Building proper hierarchical dirichlet process

Hey everybody,
I recently did some research on hierarchical models in pymc and how to implement them. But what was interesting is that I haven’ t found one model with several levels that seems to have created valid results. On many blogs and in papers where approaches to build models to describe normal distributed data but in every single one there were serious warnings during sampling: rhat is greater than 1.4, effective samples smaller than 200, great amount of divergences, etc. (here is one example: GLM: Hierarchical Linear Regression — PyMC3 3.10.0 documentation). The authors simply ignored these warnings but I think they are a strong indicator that the results might be biased. So I set up a model for myself using the conjugate prior of the normal distribution, the normal-inverse-gamma distribution or the LKJ (depending on the data) with both variable mean and variance, and ran some samplings. Eventually I wasn’ t able to build a model that would be able to exceed the existing models. This created some questions I couldn’ t answer so far.
So I decided to ask you if anyone has experience regarding this topic and the performance of NUTS-sampling in general. I have read of some troubles that pymc has with hierarchical models.
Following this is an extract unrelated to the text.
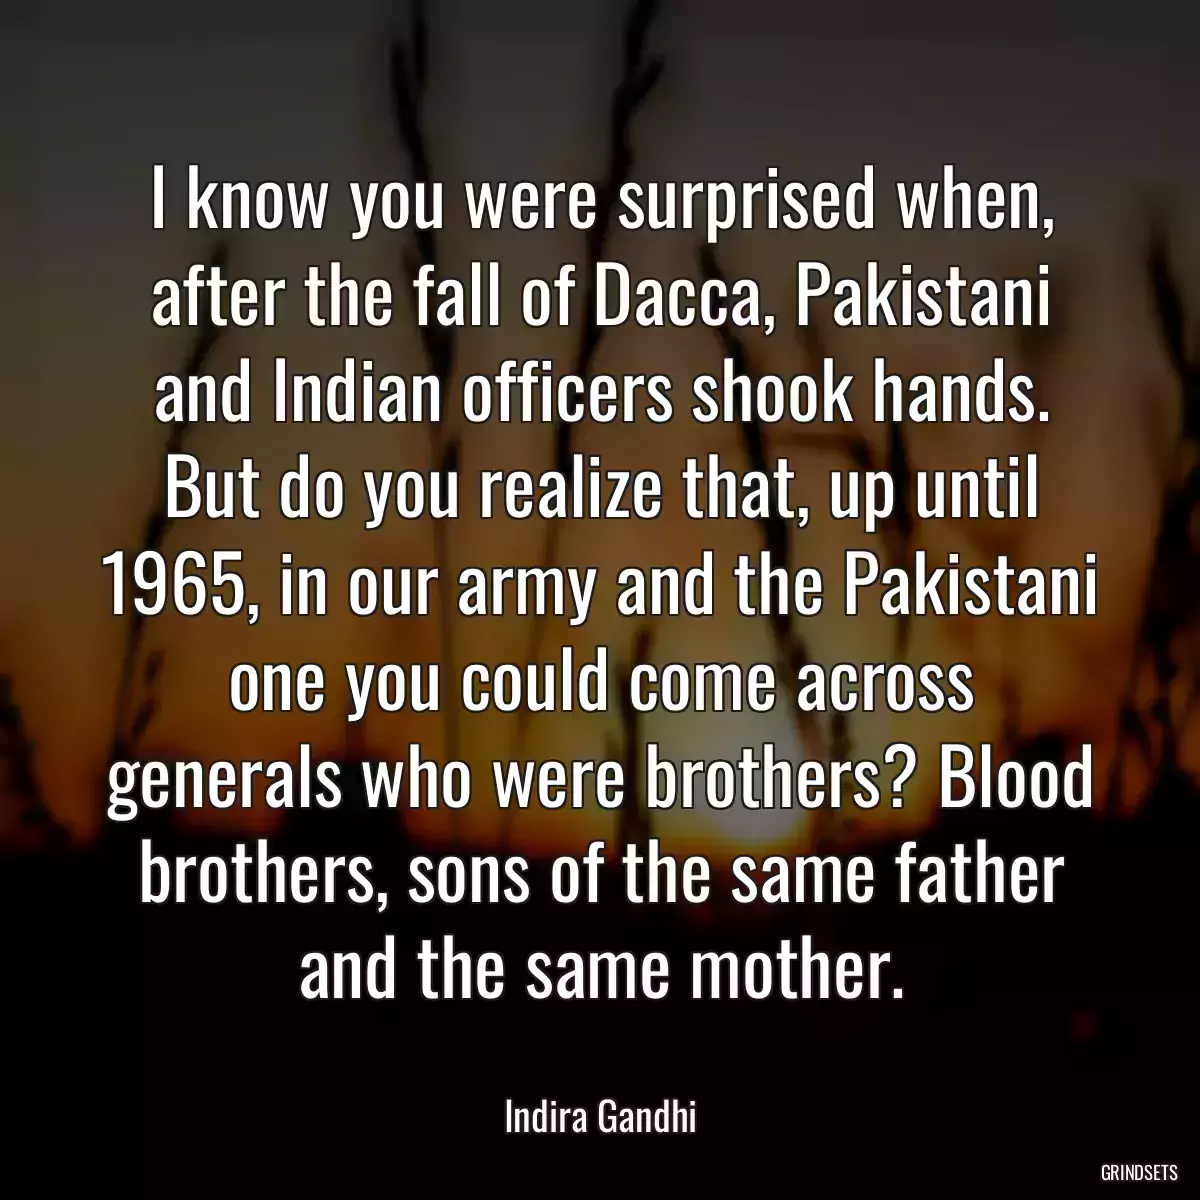 I know you were surprised when, after the fall of Dacca, Pakistani and Indian officers shook hands. But do you realize that, up until 1965, in our army and the Pakistani one you could come across generals who were brothers? Blood brothers, sons of the same father and the same mother.

The maximum amount of levels for a stable sampling seems to be three levels and multi-modal posteriors appear to cause sampling problems. Another problem are centred distributions (there are interesting papers how to change a centred normal distribution to a non-centred).
So what do you think, does pymc have problems building stable hierarchical models? Or does it only have problems with conjugate-prior models? Or are the existing approaches even simply badly parametrized?
My approach for a hierarchical model for a conjugate prior would be something like this:

x_i|\mu,\tau\sim N(\mu,\tau) i.i.d.
\mu|\tau \sim N(\mu_0,n_0\tau)
\tau \sim Ga(\alpha,\beta)

With the hyperparameters being drawn a level below.

Looking forward to answers!
Leon